[[ Data section open ]]

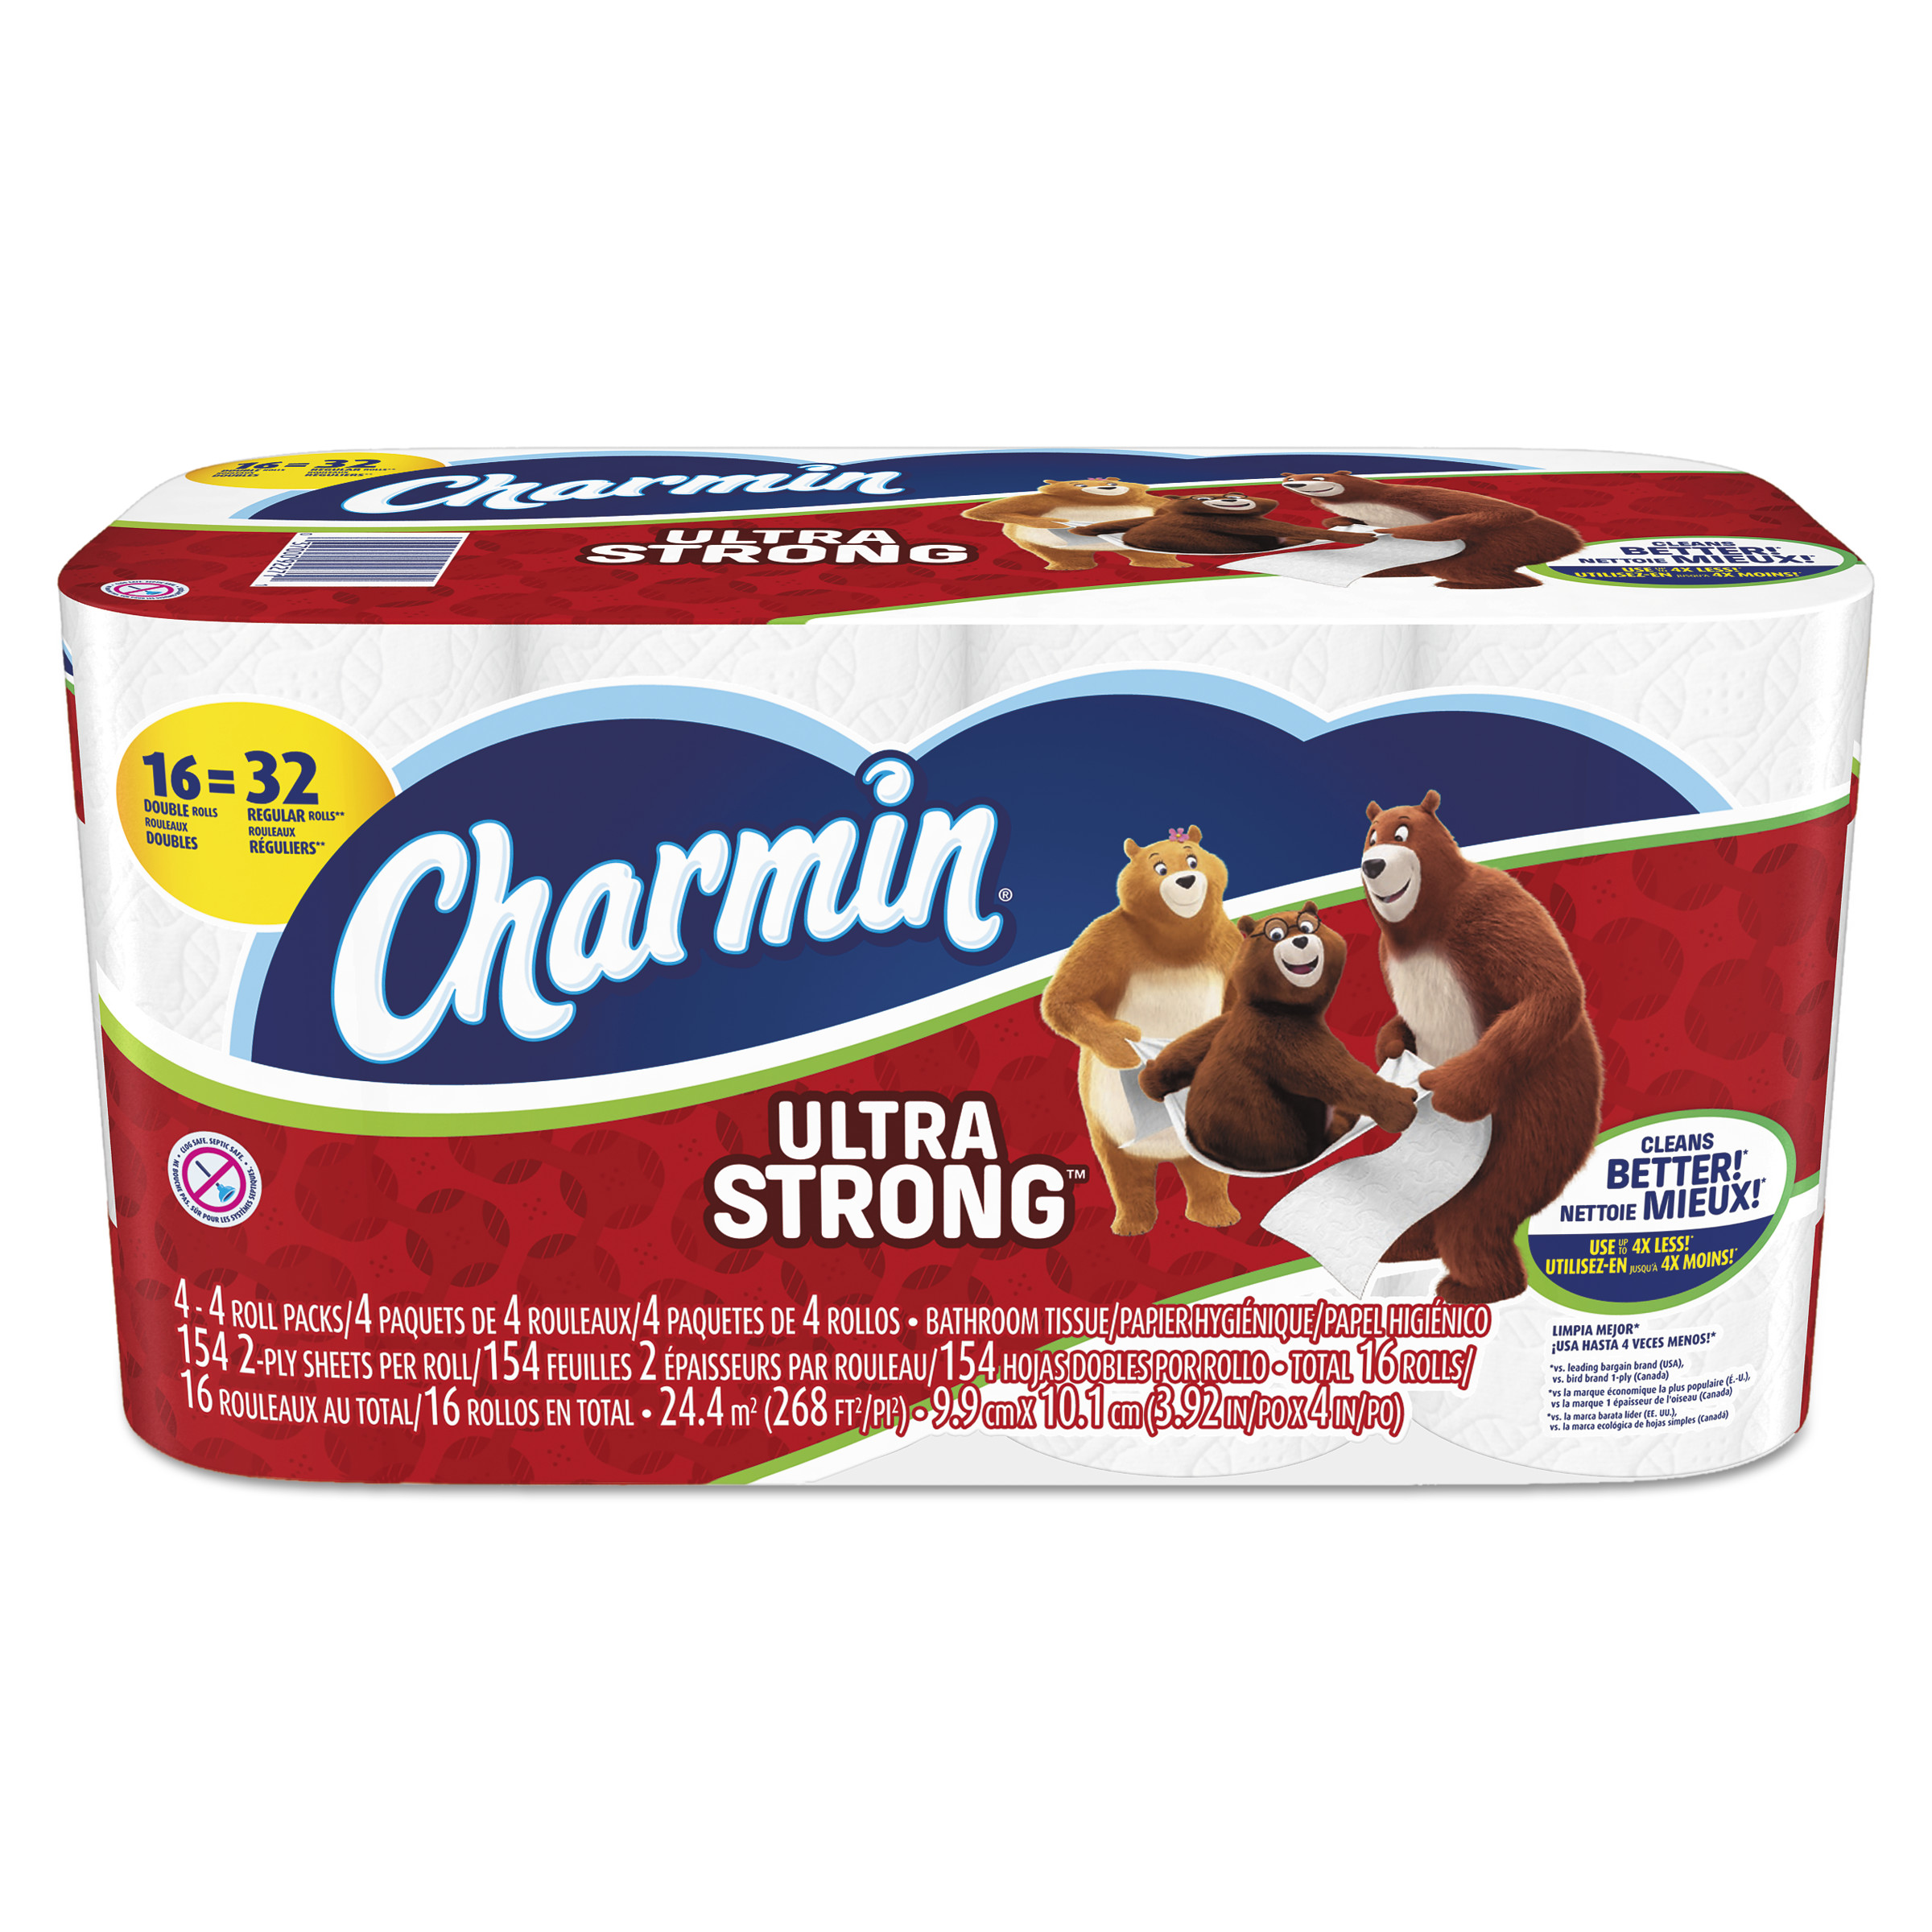 Charmin Toilet Paper, Ultra Strong, 16 Double Rolls - Walmart.com
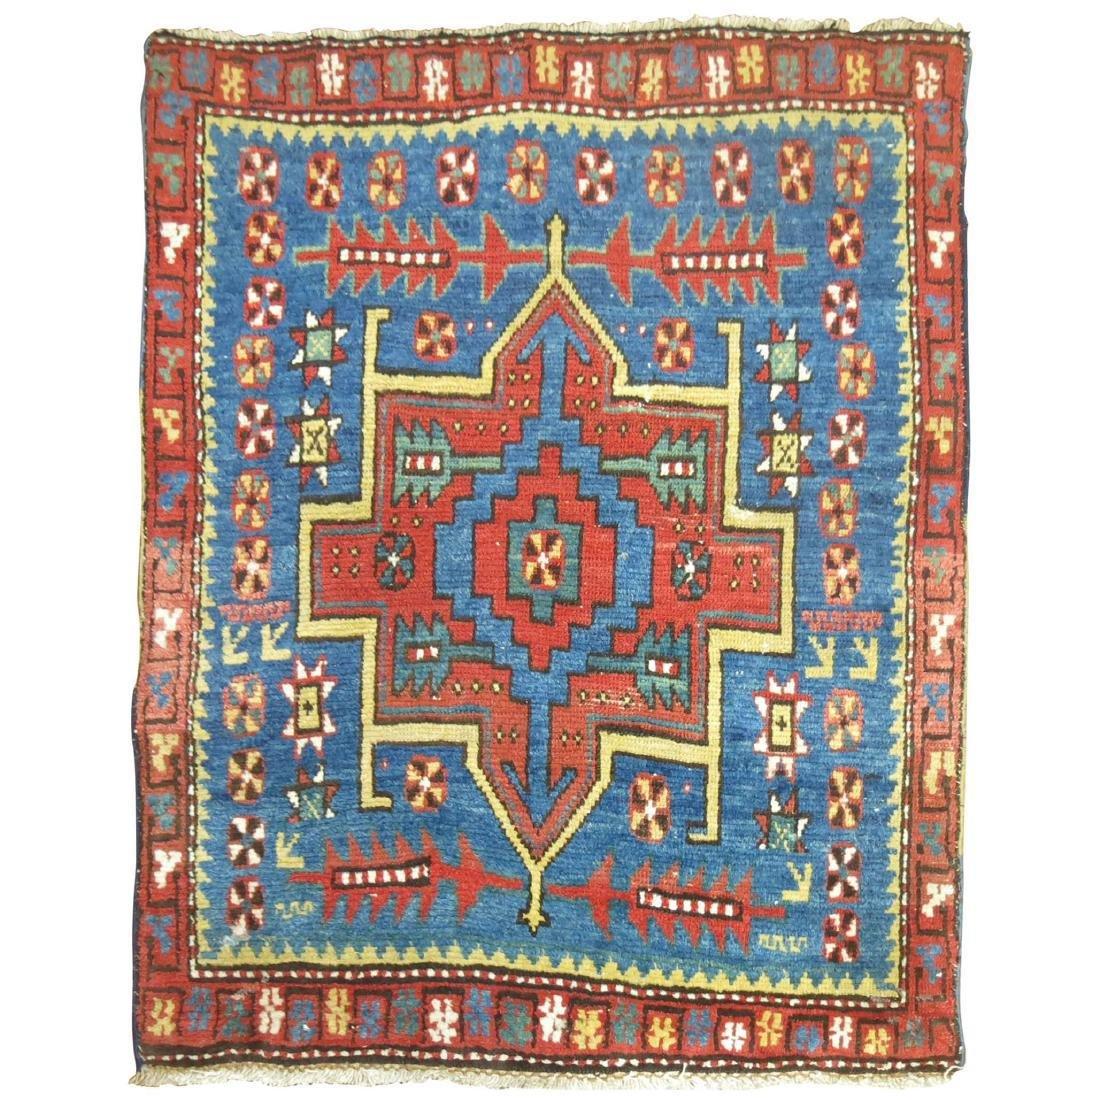 Northwest Persian Heriz Rug 2.4x2.10
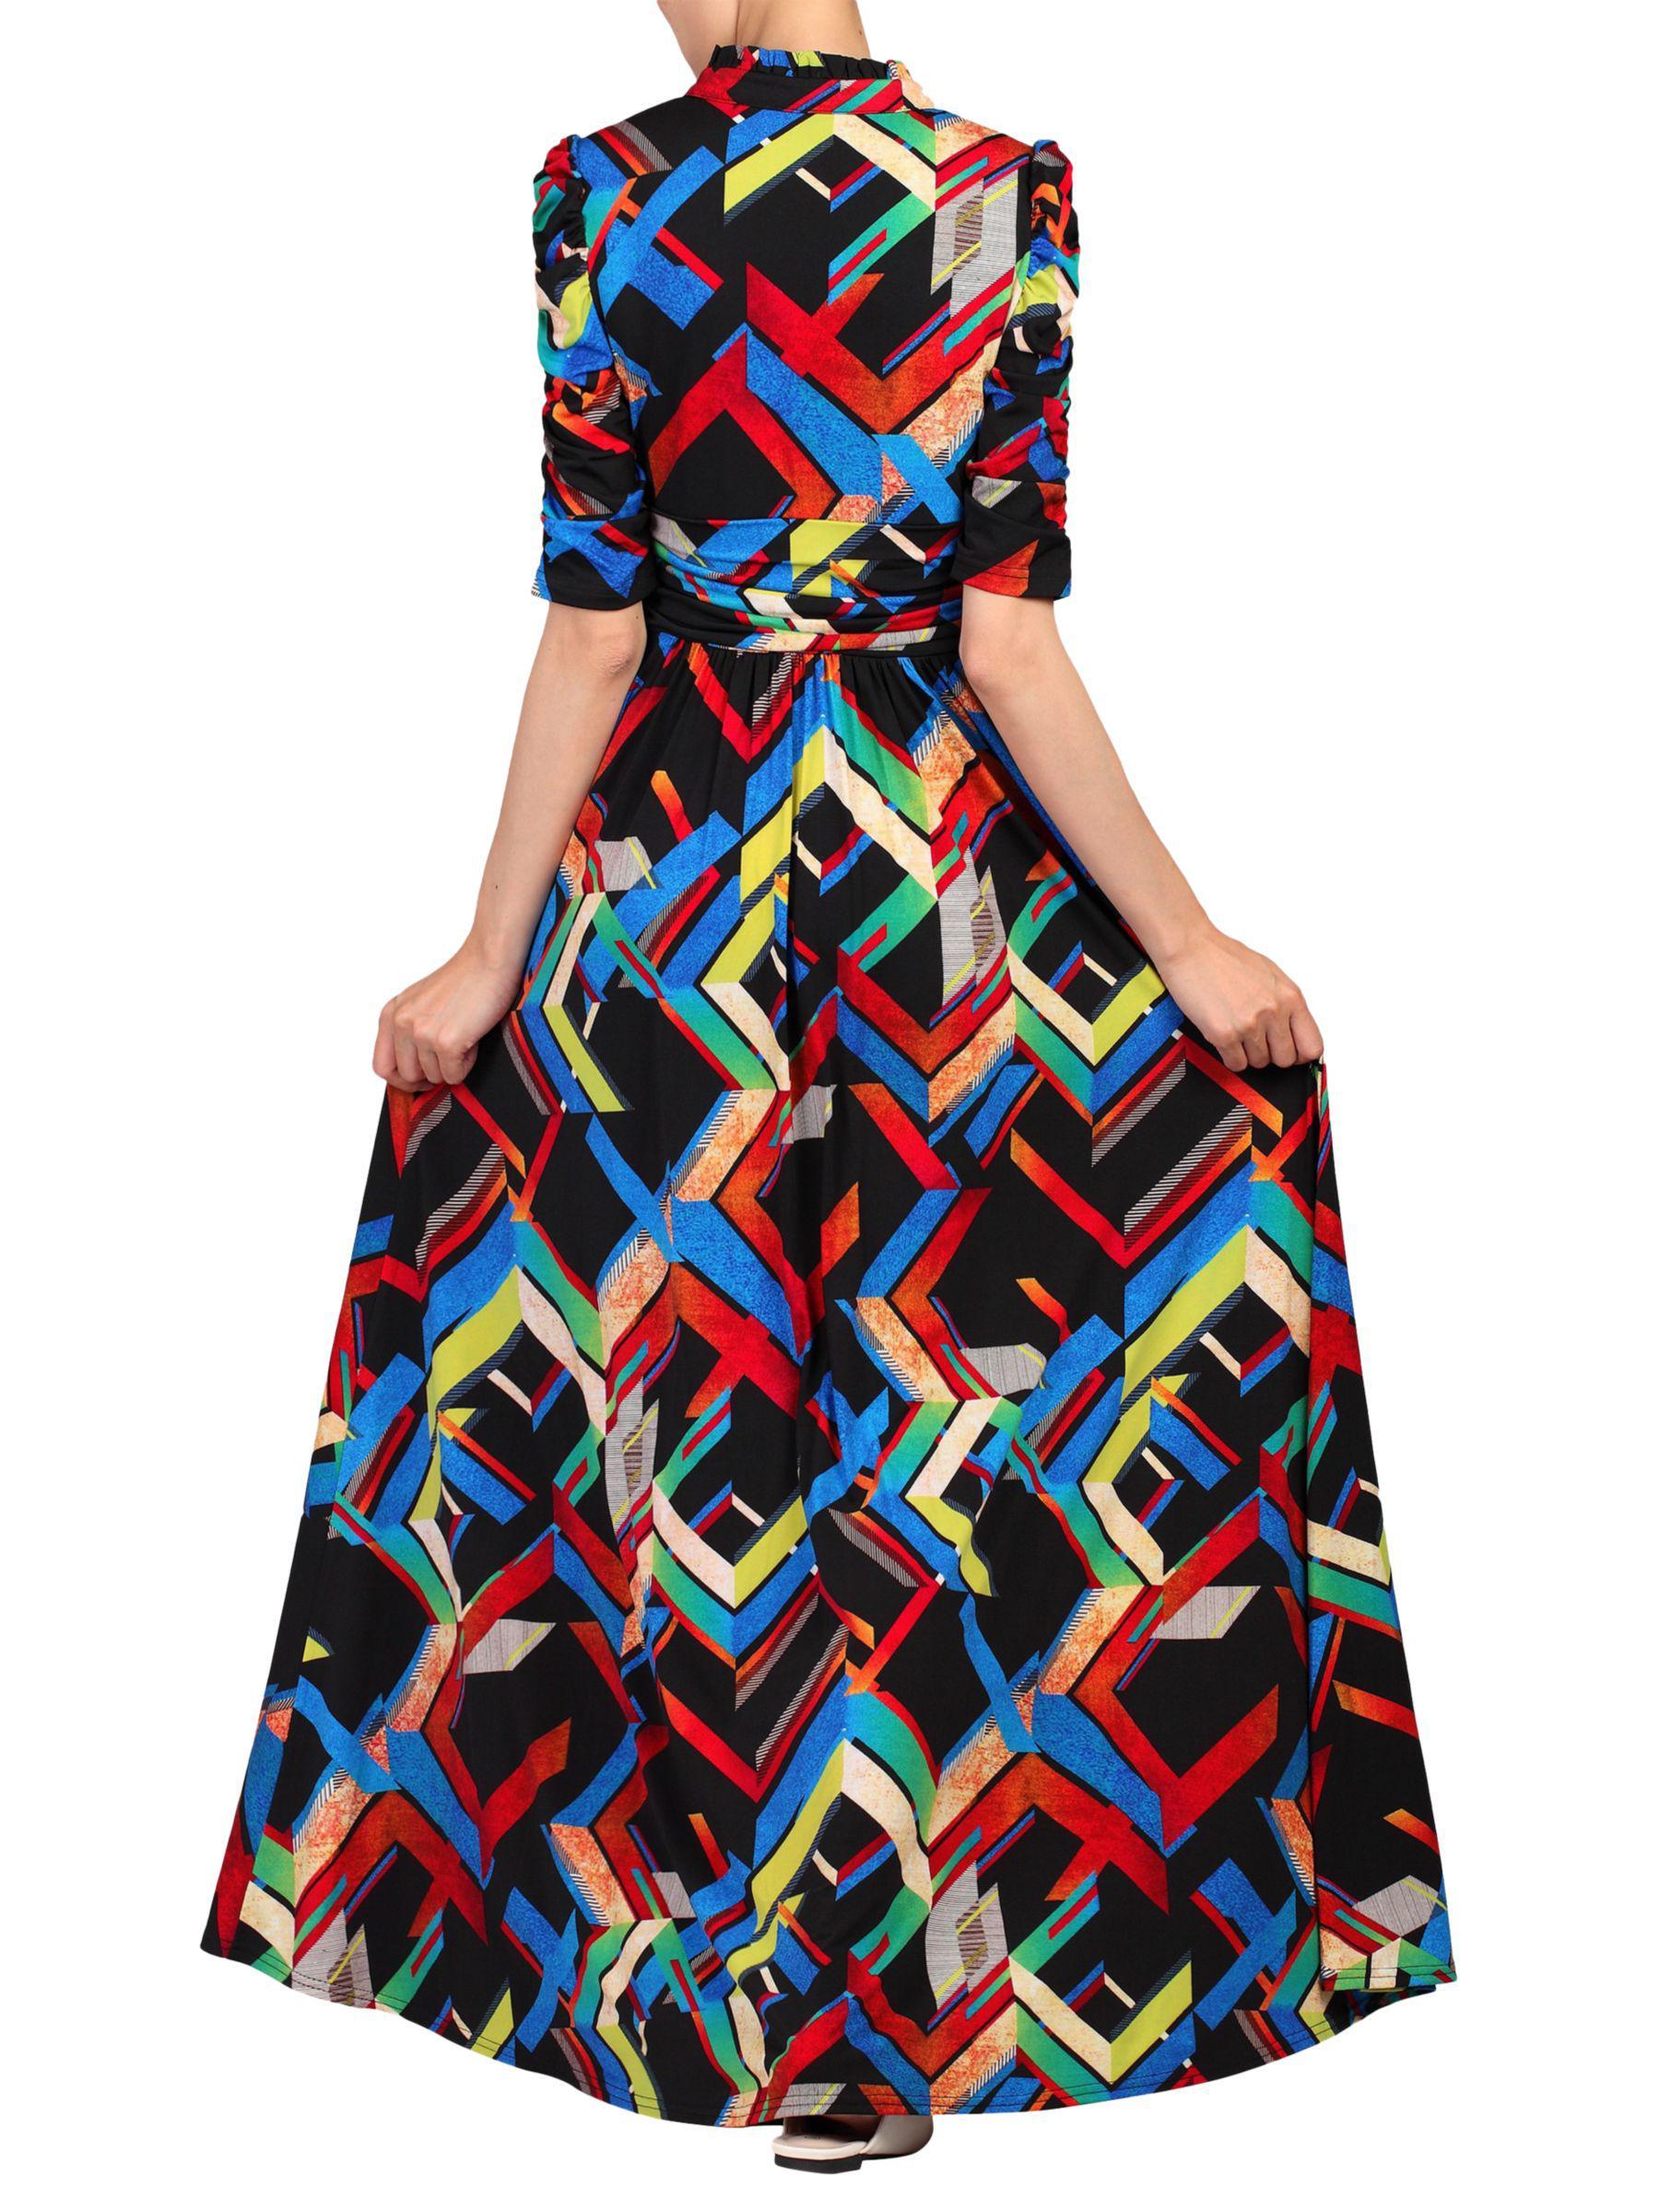 e3d962a6d1 Jolie Moi Abstract Print Tie Collar Maxi Dress in Black - Lyst

[[ Data section closed ]]

* _Activity_
Would you copy out the material above exactly, without the pictures in it?

* _Answer below_
 Charmin Toilet Paper, Ultra Strong, 16 Double Rolls - Walmart.com
 Northwest Persian Heriz Rug 2.4x2.10
 e3d962a6d1 Jolie Moi Abstract Print Tie Collar Maxi Dress in Black - Lyst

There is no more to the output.